━━━━━ Entries provided

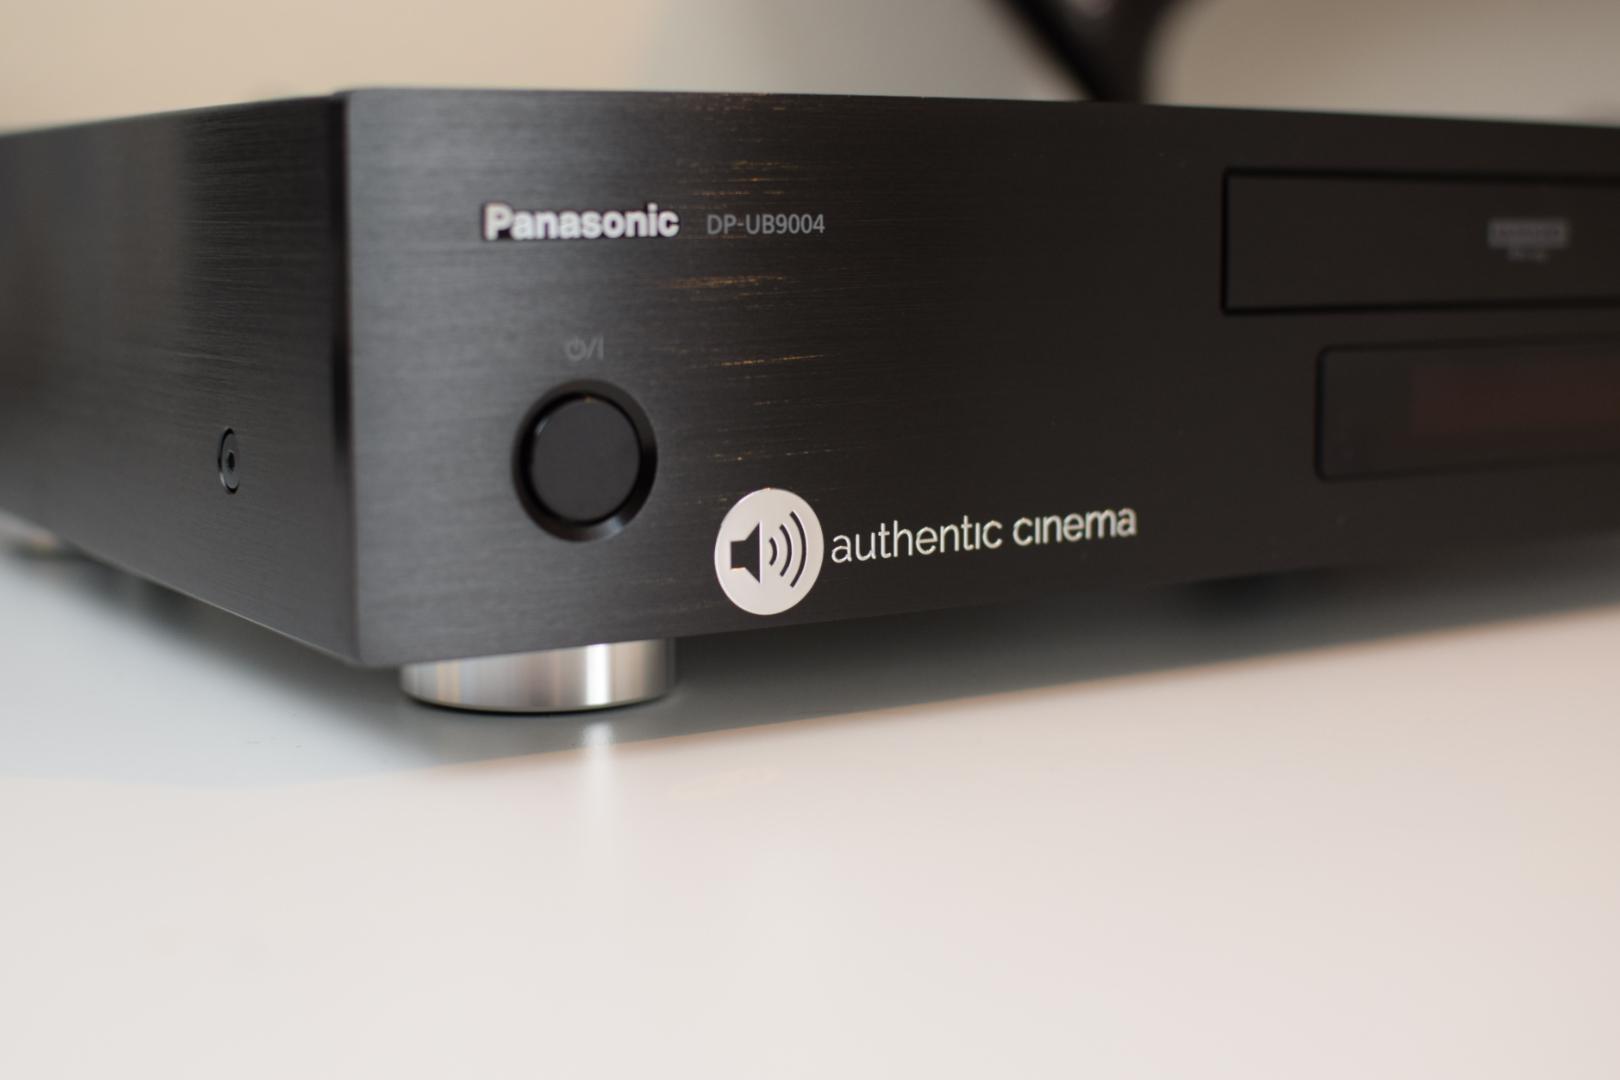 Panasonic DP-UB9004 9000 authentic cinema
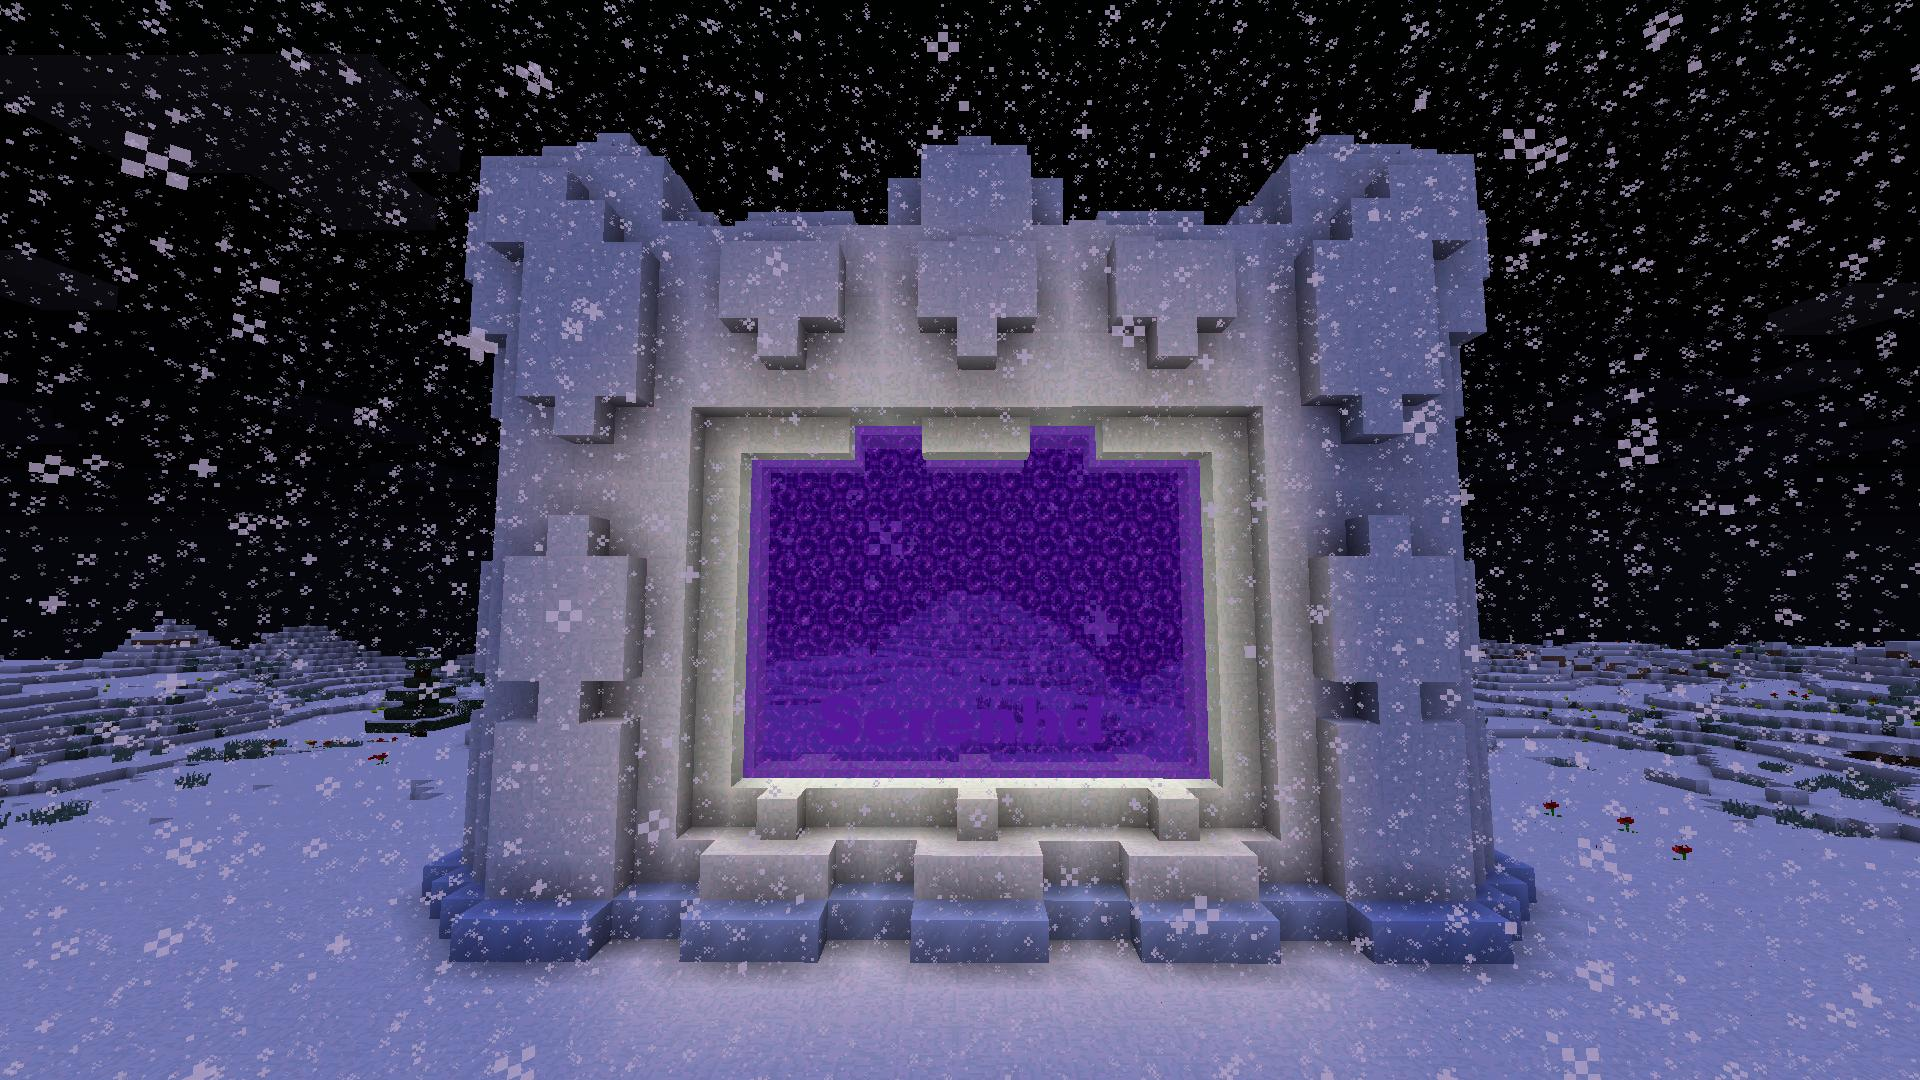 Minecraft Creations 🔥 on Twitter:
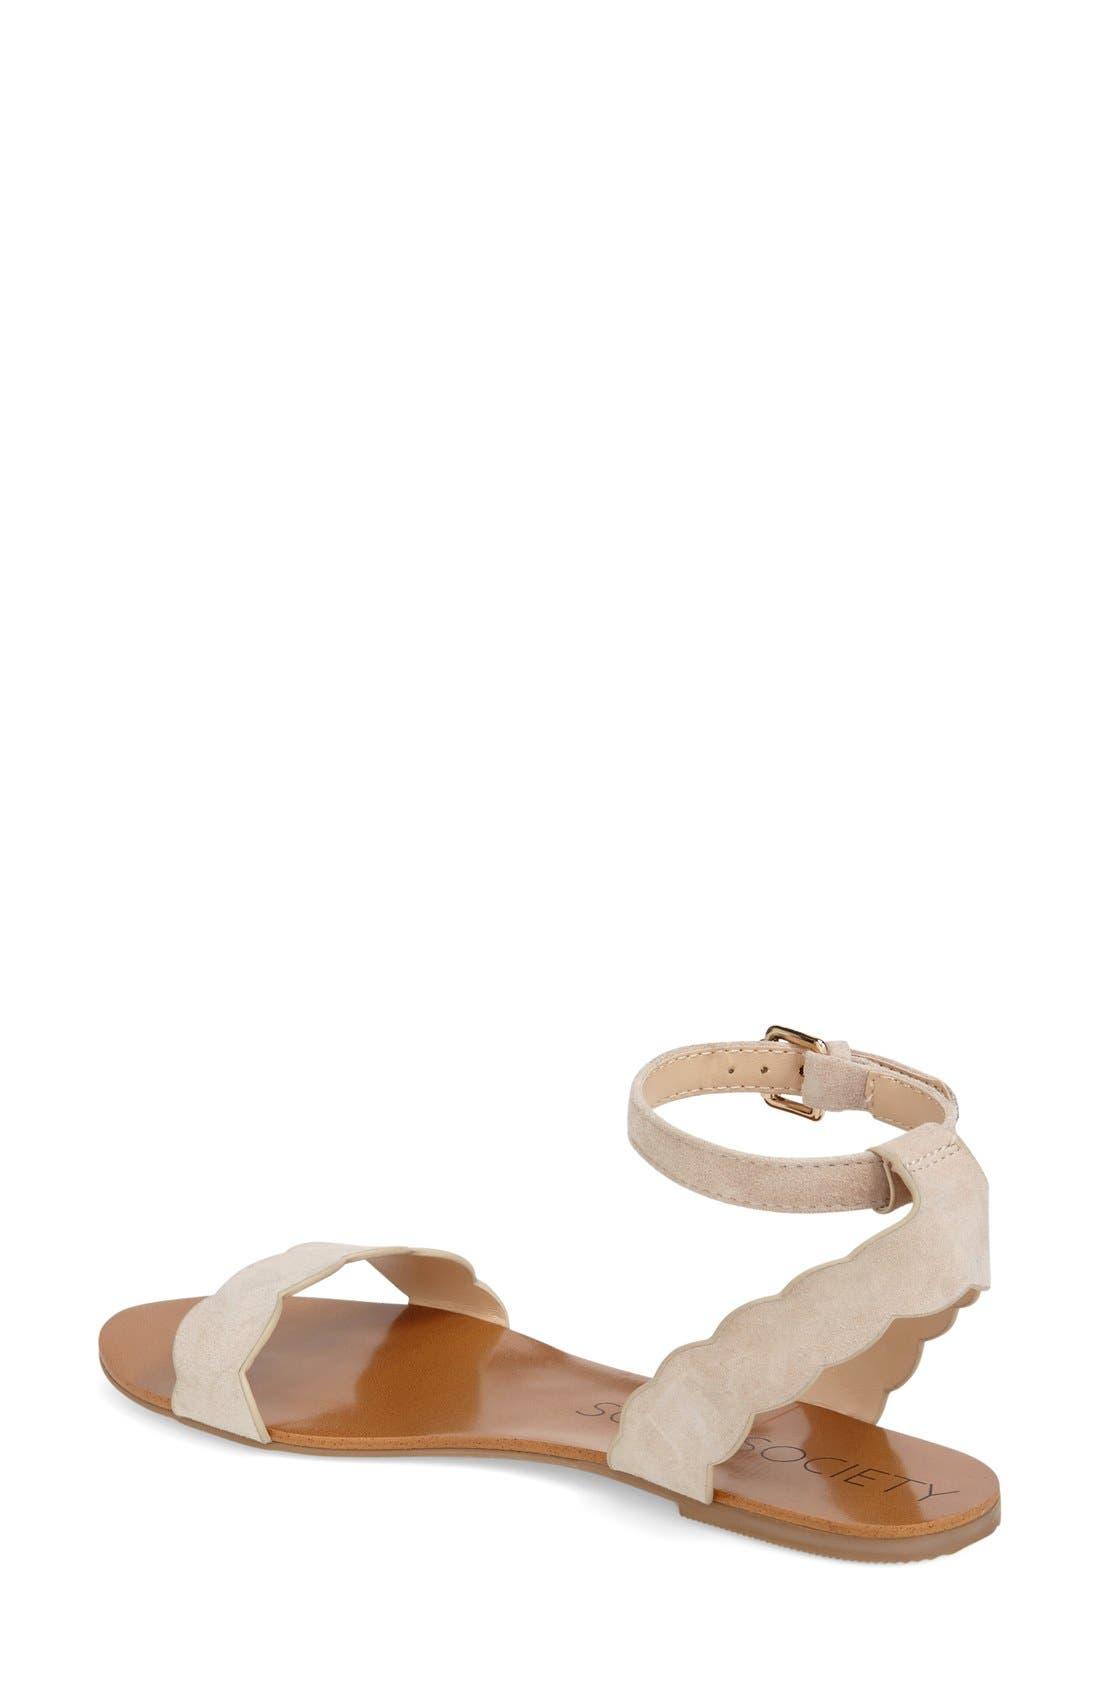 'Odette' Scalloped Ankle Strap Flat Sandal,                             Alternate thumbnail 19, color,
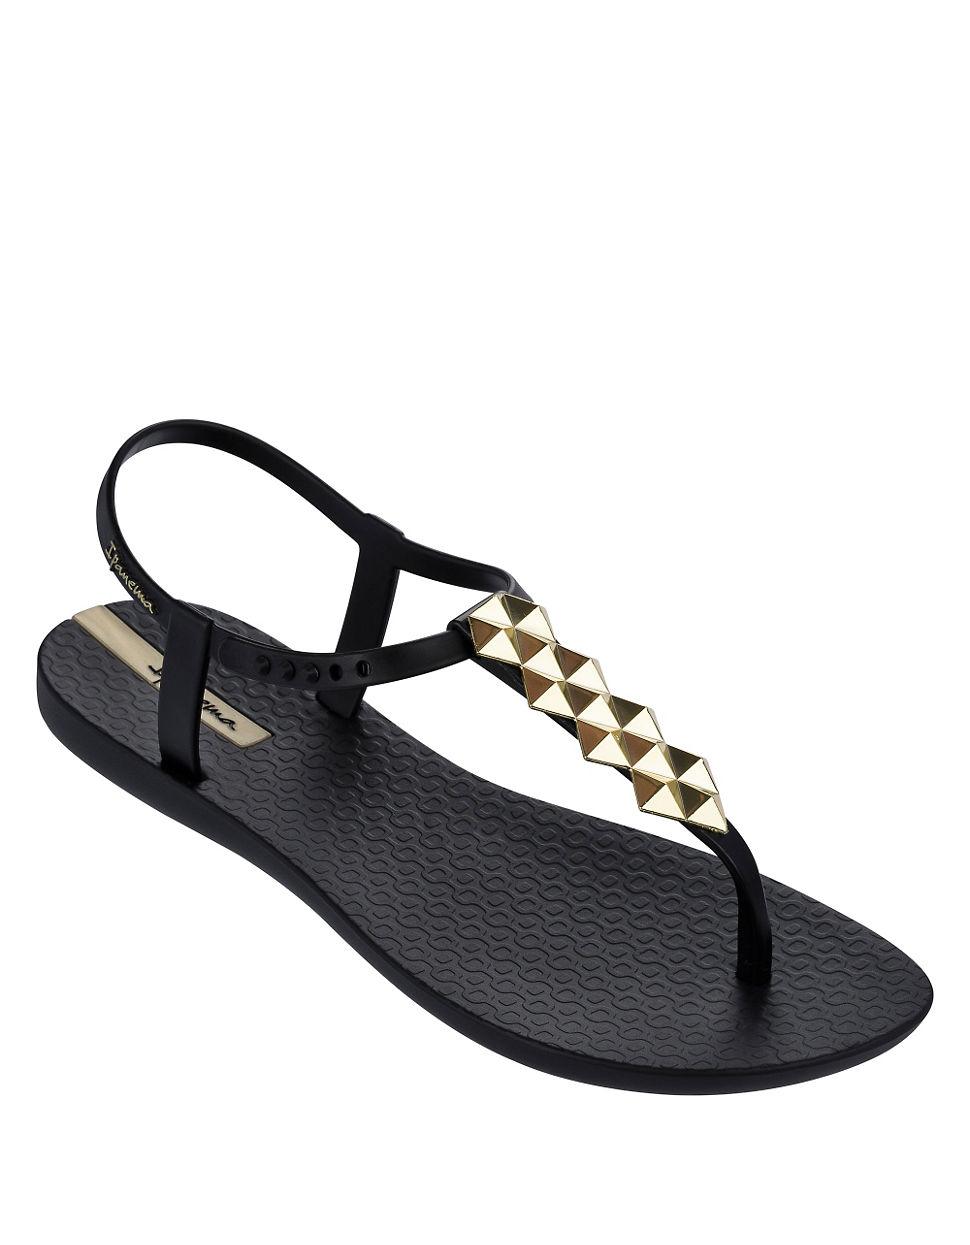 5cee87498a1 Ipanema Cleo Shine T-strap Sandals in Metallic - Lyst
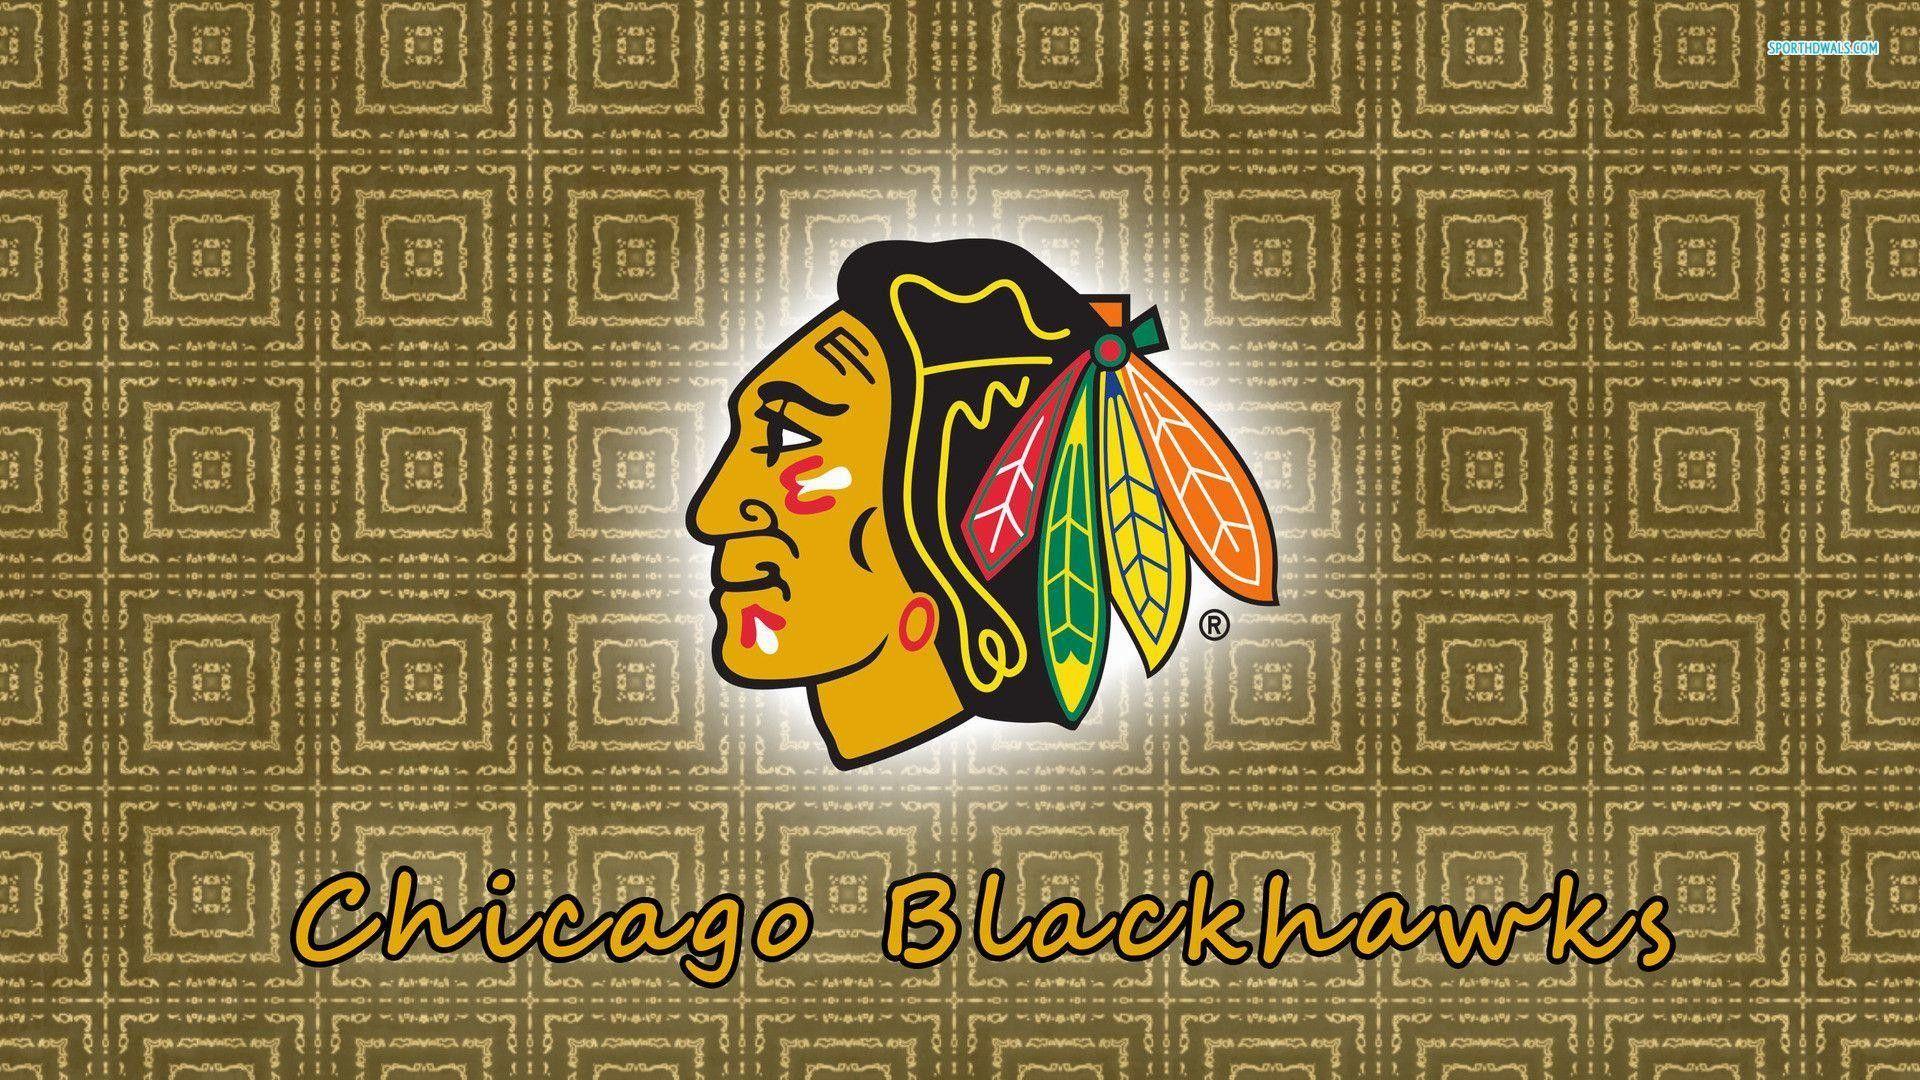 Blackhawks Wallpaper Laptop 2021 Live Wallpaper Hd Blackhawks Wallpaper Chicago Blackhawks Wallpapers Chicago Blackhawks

━━━━━━━━━━

Without including any pictures, copy every line above exactly.

Response to the task:
 Panasonic DP-UB9004 9000 authentic cinema
 Minecraft Creations 🔥 on Twitter:
 'Odette' Scalloped Ankle Strap Flat Sandal,                             Alternate thumbnail 19, color,
 5cee87498a1 Ipanema Cleo Shine T-strap Sandals in Metallic - Lyst
 Blackhawks Wallpaper Laptop 2021 Live Wallpaper Hd Blackhawks Wallpaper Chicago Blackhawks Wallpapers Chicago Blackhawks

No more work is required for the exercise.